What themes are being overused? Vampires and zombies are everywhere, and now soft-core erotica is hot, but trends come and go. The challenge is to write something that will outlast the trends and stand up over time.

 

  • Do you see ebooks threatening traditional publishing? It’s just another option. Self-publishing is no more a threat than YouTube is to blockbuster theatrical releases. There are more options for audiences, but it’s also easier than ever to get a lot of content as well as create and distribute it.
  • Do you prefer to read established authors or debut authors? How do you choose which ones to read? I read a lot of newer, indie authors but in general I like the tried-and-true favorites. There is still something to be said for the quality of a traditionally published book–if nothing else, at least the author had to jump through competitive hoops to get attention, and publishers still employ editors.

 

  • Do you have a target each day? As a self-publisher, I am in the business of selling books. So I have both a job and an art.
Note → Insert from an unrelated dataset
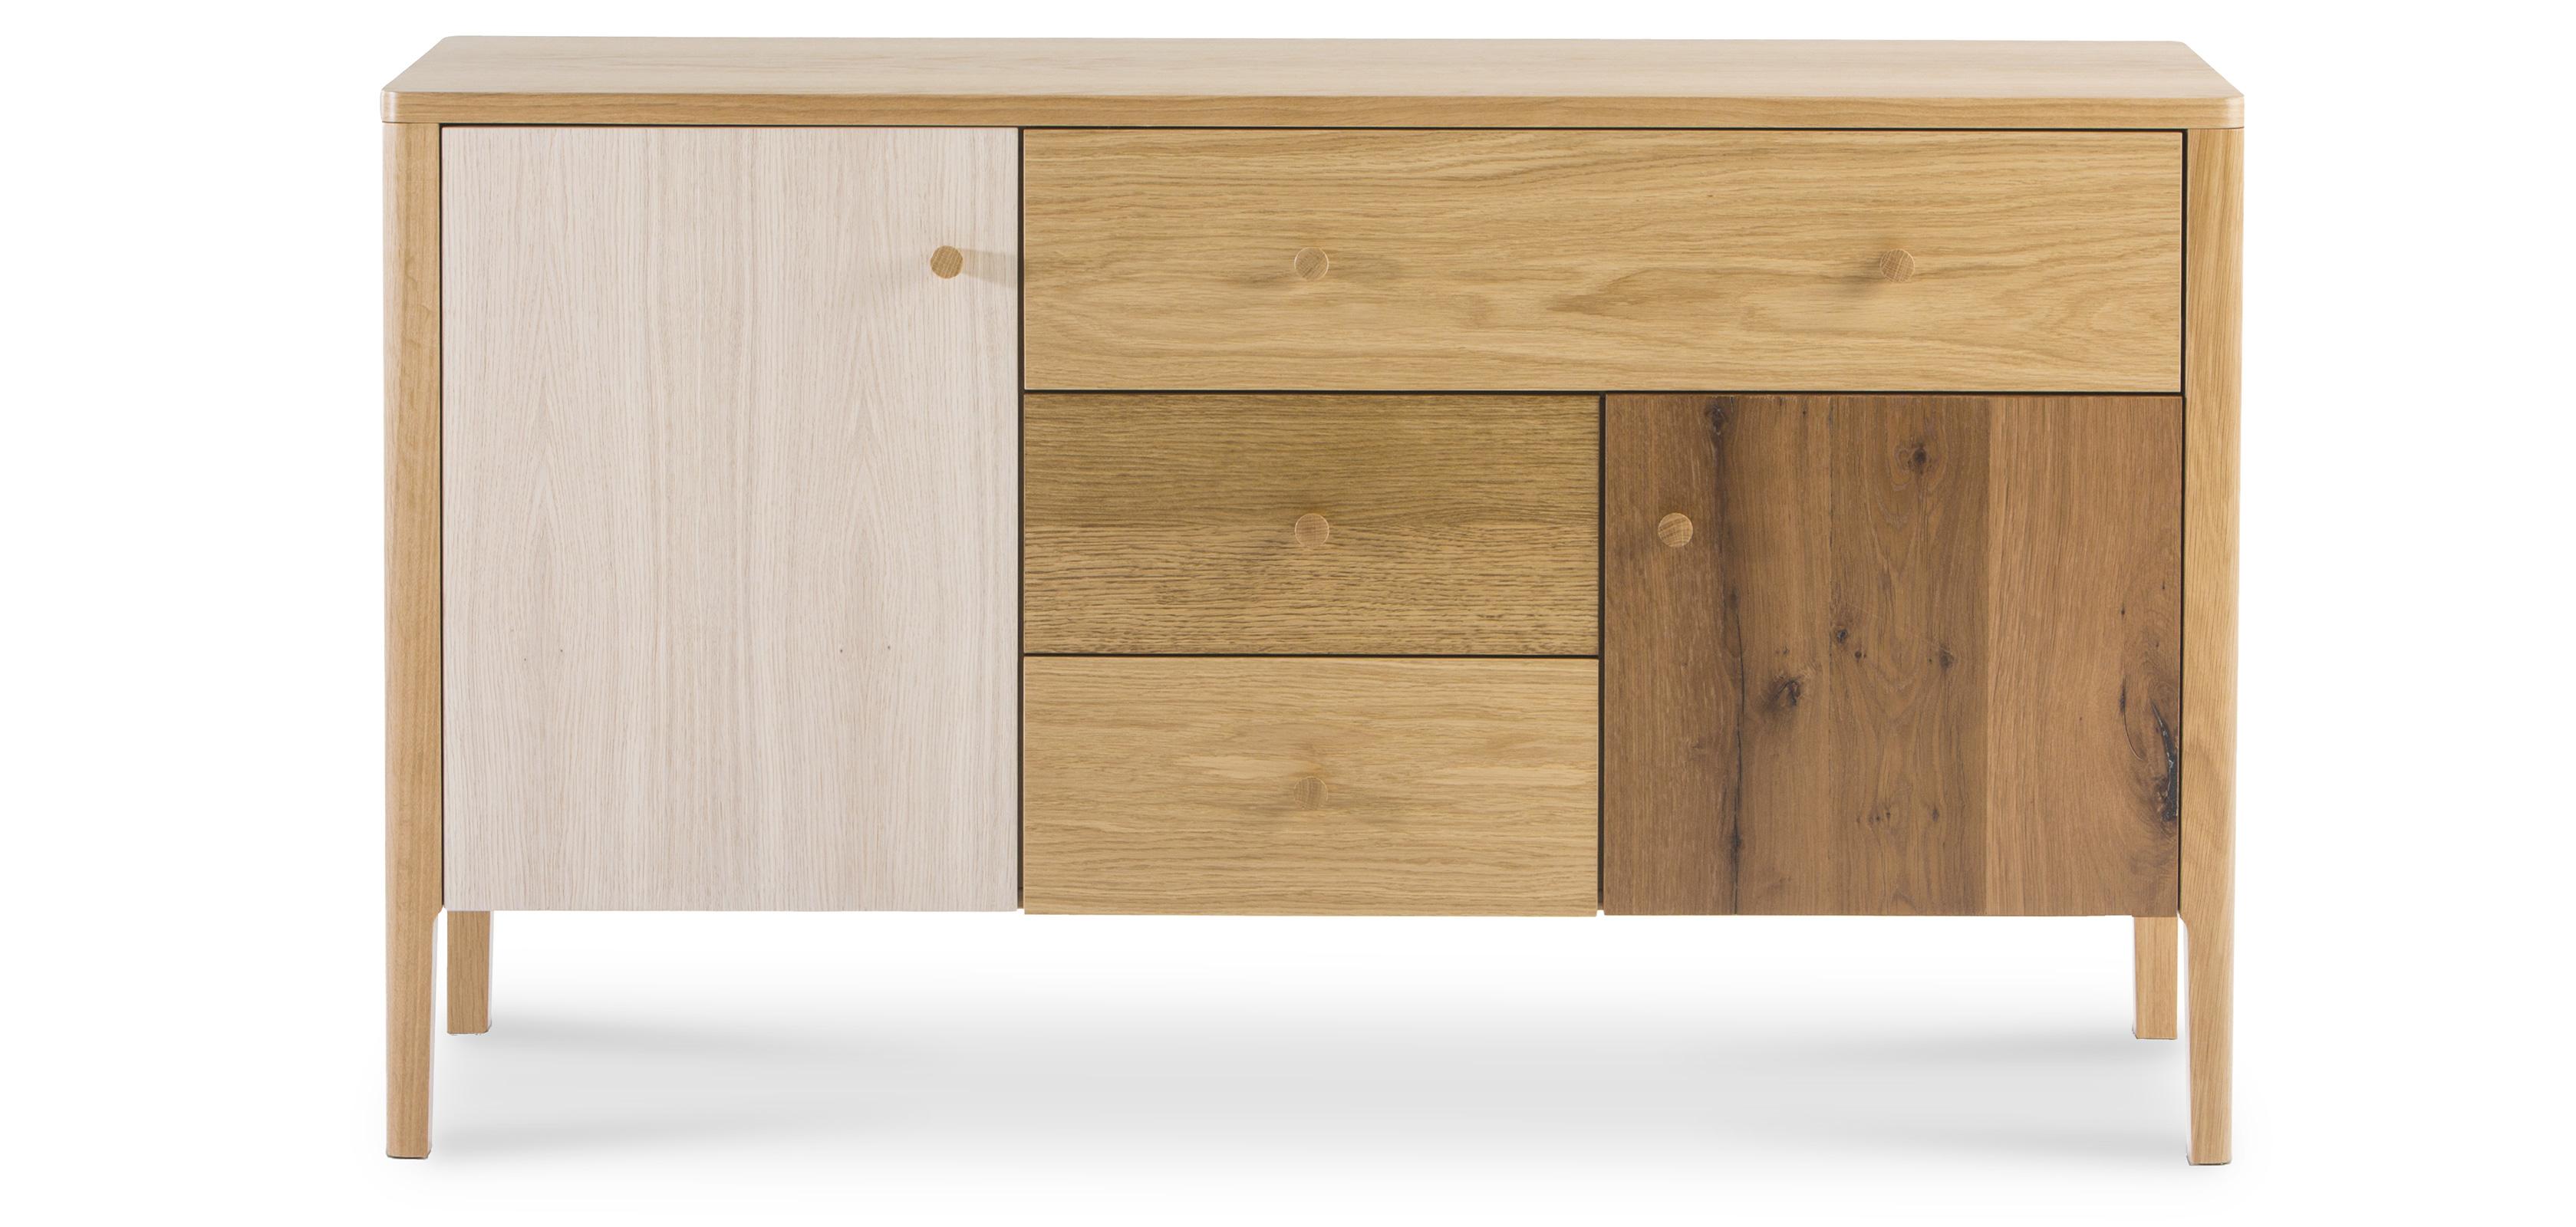 Credenza in legno stile scandinavo - Villu

Writing is for fun, but I have to sell the books if I want to write more. So my life is a mix of creation and promotion. Fortunately, I enjoy all aspects of writing as an art and business.

 

  • After so many books, how do you keep them unique? Every book has its on life, its own season, its own arc–usually superimposed over whatever is happening in the writer’s own life and head during that time.

 

  • Do you remember the first time you saw your book in a shop? No. I never felt that sort of thrill, although I did enjoy opening the first box of printed books. By the time a book is published, it is usually long after the emotional act of creating it, and I’d rather focus on the work in progress.